目の肥えた男と対峙すべく、銀座という地にこだわってともにオーダー専門店「クレマチス銀座」をオープンしたのは’08年のこと。その4年後には手狭になったスペースの問題を解消すべく、小松氏が同じ銀座の一丁目で「オルタス」を始動させた。
幼なじみのふたりはそれぞれ靴職人の関 信義氏、鞄職人の藤井幸弘氏に師事した。最高峰といわれる職人のもとでたっぷり鍛えられ、そうして正確無比な仕事こそ職人の本懐であるという不変の美学をわがものとした。ひところの素朴さをよしとする風潮は、ほんもののプロの世界には当てはまらないのだ。
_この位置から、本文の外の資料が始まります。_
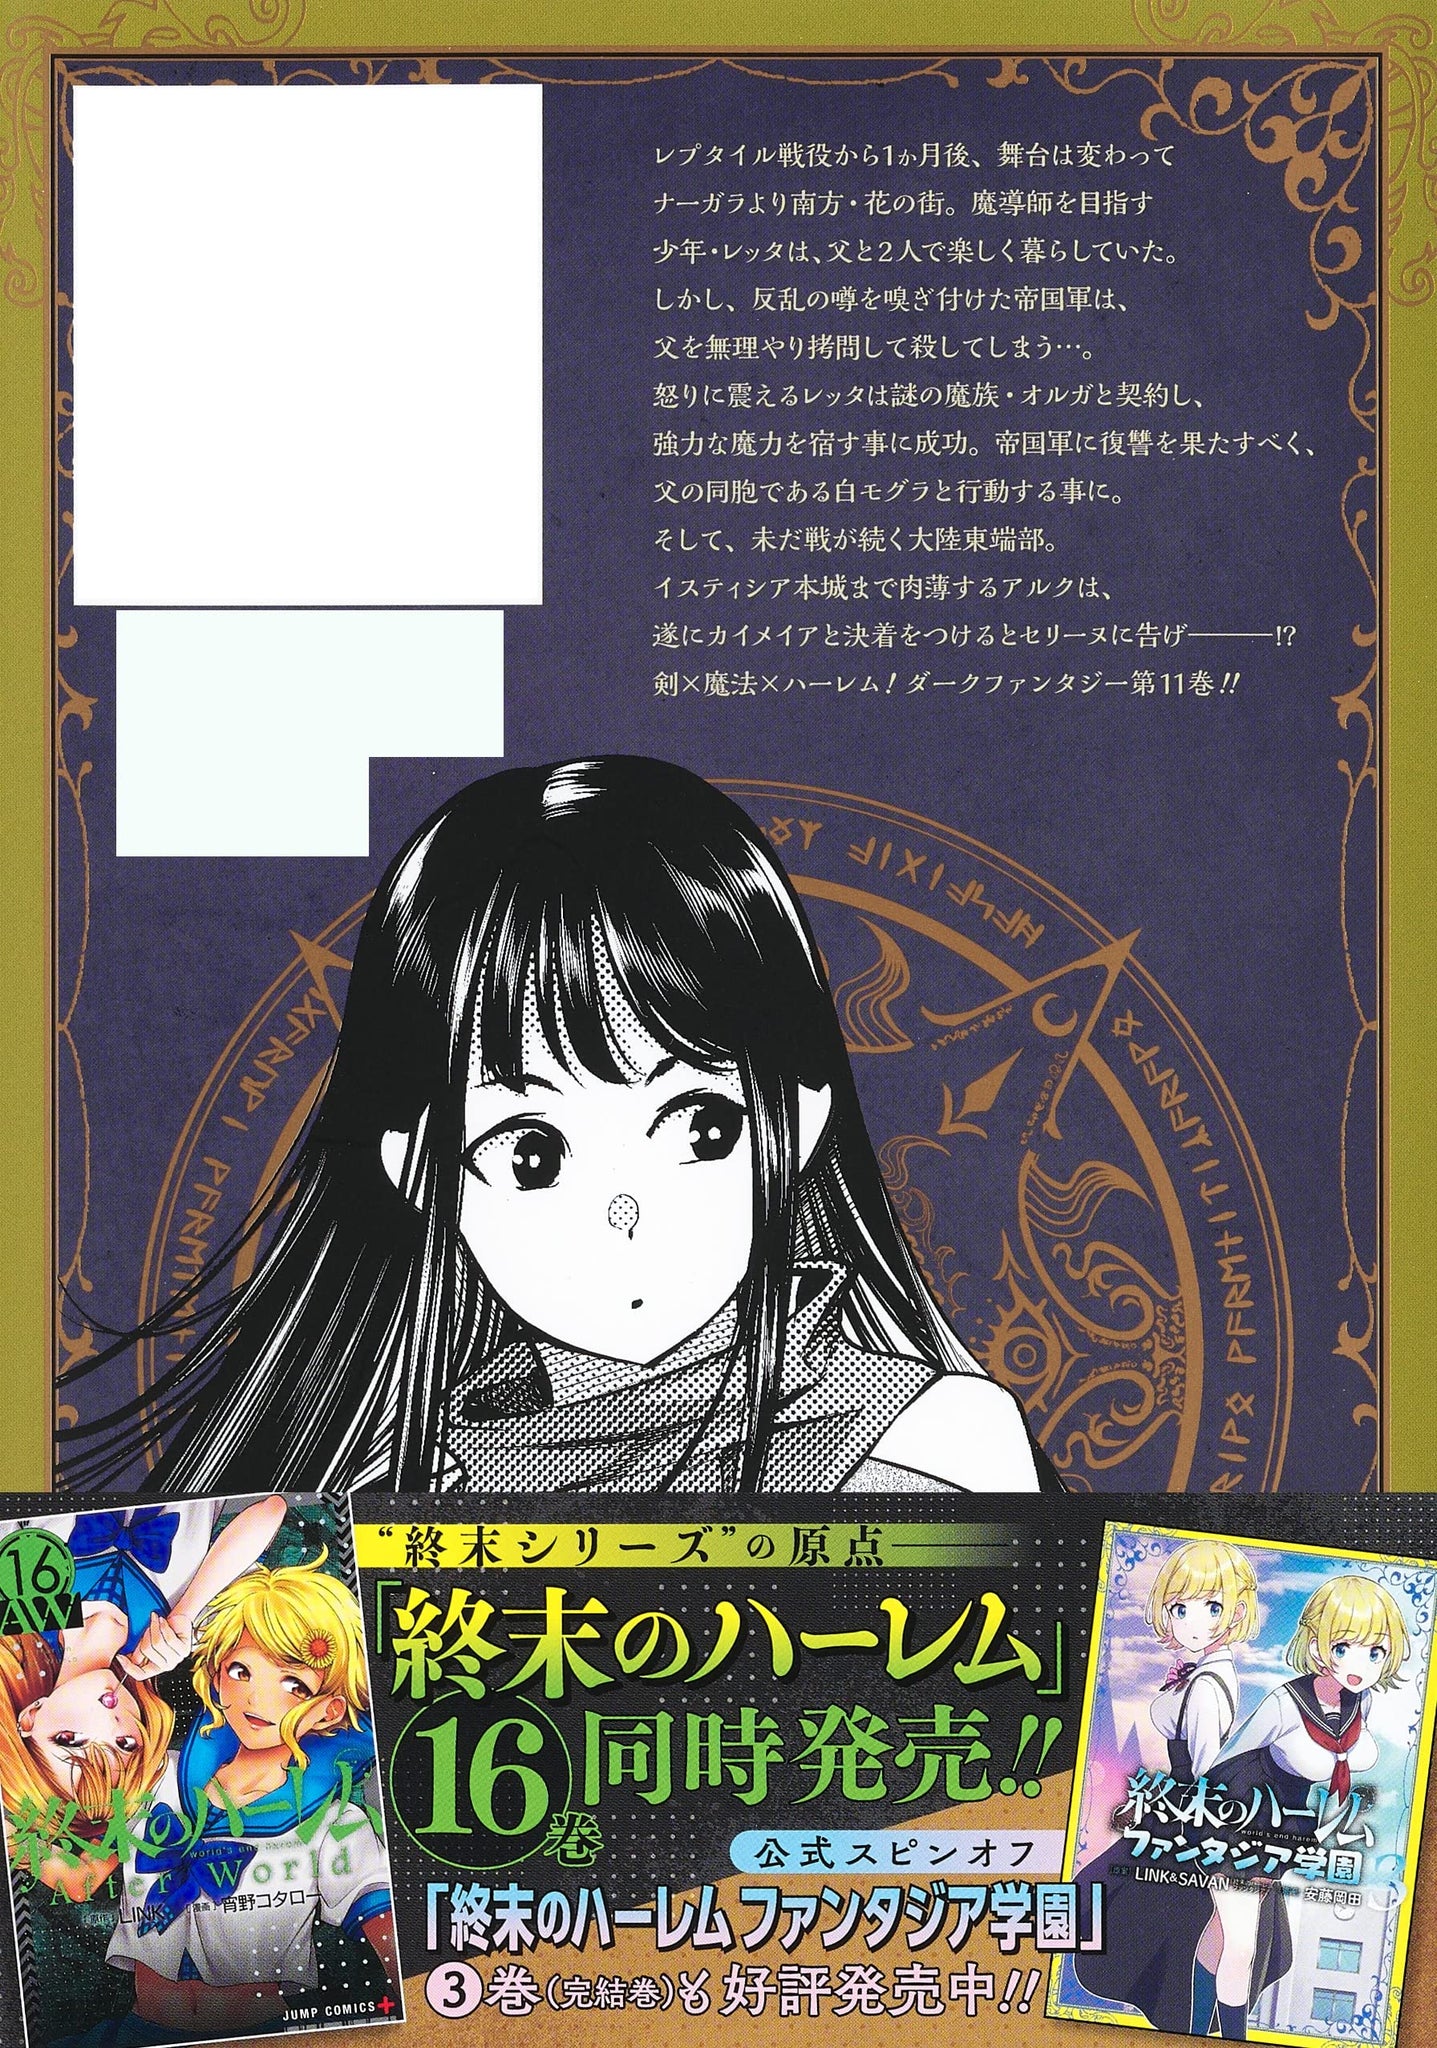 SL] (Request) Shuumatsu no Harem Fantasia/ World's End Harem - Fantasia. :  r/manga

今では老舗がひしめく銀座の番付け上位にそろって名を連ねている。
(文・エディター/竹川 圭)
クレマチスのオーダーシューズとオルタスのオーダーバッグ
名品DATA(靴):クレマチス社の最高級ライン、十分ぶ仕立ての『RED LINE』の一足は、なんとリザードに研磨(部分的に)を施し、スエード風に加工。キメの細かいリザード特有の風合いを残しつつ、濃淡が美しいアンティーク調の仕上りに。コバの緻密なステッチからも、美意識の高さと丁寧さが伝わる。オーダーから10~12か月で完成(要予約)。
名品DATA(鞄):アフリカ産のエレファントレザー(ワシントン条約の規制にかからない種類)を採用したブリーフケースは、胴体にハギのない一枚革使い。革の質感を生かしたふっくらした仕上がりも特徴的。金具は、オリジナル型のスターリングシルバーを採用(別料金で真鍮にも変更可)。すべて受注生産となるため、現在はオーダーから18か月前後で完成予定。ほかにもボックスカーフやブライドルレザー等、革見本から好みの革を選択可能(要予約)。
銀座二丁目
江戸時代に銀貨鋳造所が存在していた、かつての銀座の中心地。その証として銀座通りには、「銀座発祥の地」碑が建つ。江戸時代から続く呉服店「越後屋」(宝暦5年創業)をはじめとする老舗が、二丁目近辺に集まっているのも納得。
文房具の可能性を広げる老舗の挑戦から目が離せない
明治37年創業の「伊東屋」はこの初夏、2年4か月をかけて大リニューアルを完成させた。驚くべきは製品のアイテム数を従来の半分に減らして、コンセプチュアルな店舗として生まれ変わったこと。アナログからデジタルの時代になり、文房具の多くがモバイル化された現代において、そのワンフロアを紙の専門店「竹尾見本帖」にしたり、デスクというキーワードでクリエイティブな文房具のセレクトをしたりといった斬新な提案が目立つ。モノだけを選ぶ場所ではなく、さまざまな体験を通して空間とモノと体験を提供していこうという試みだ。とはいえ自分専用のノートを製作できたり、店内に設置されたポストに買ったばかりのはがきで投函できるといった、「伊東屋」ならではの文房具愛も忘れられていない。これからの文房具店のあり方を大胆に提案した店内だが、そこに身を置くと、やはりここは銀座の「伊東屋」。優雅な時と空間を愉しむ“銀座の時間”は、昔と変わらず流れている。
(文・土居輝彦)
銀座・伊東屋のステーショナリー
名品DATA:創業時に展開していたオリジナルブランドを復刻したROMEOは、ビジネスマンのために企画されたアイテムが大充実。写真手前のボールペンは、握りやすさと筆記時の滑らかさ、そして天冠に施した時計の竜頭調のデザインが自慢の逸品。7階にある老舗2社による紙の専門店「竹尾見本帖 at Itoya」は、客が紙を選ぶ際のアイディアが満載である。
ジャパニーズダンディの粋なお洒落を支える専門店
豊富な品ぞろえ、丁寧な接客、的確な専門知識……。紳士が通う専門店にはいくつかの要件があるだろうが、いちばん重要なのは店のアドレスではないだろうか。欧米の名店のように、いつ訪ねても、同じ場所に、同じ品ぞろえで店を構える。これが重要なのだ。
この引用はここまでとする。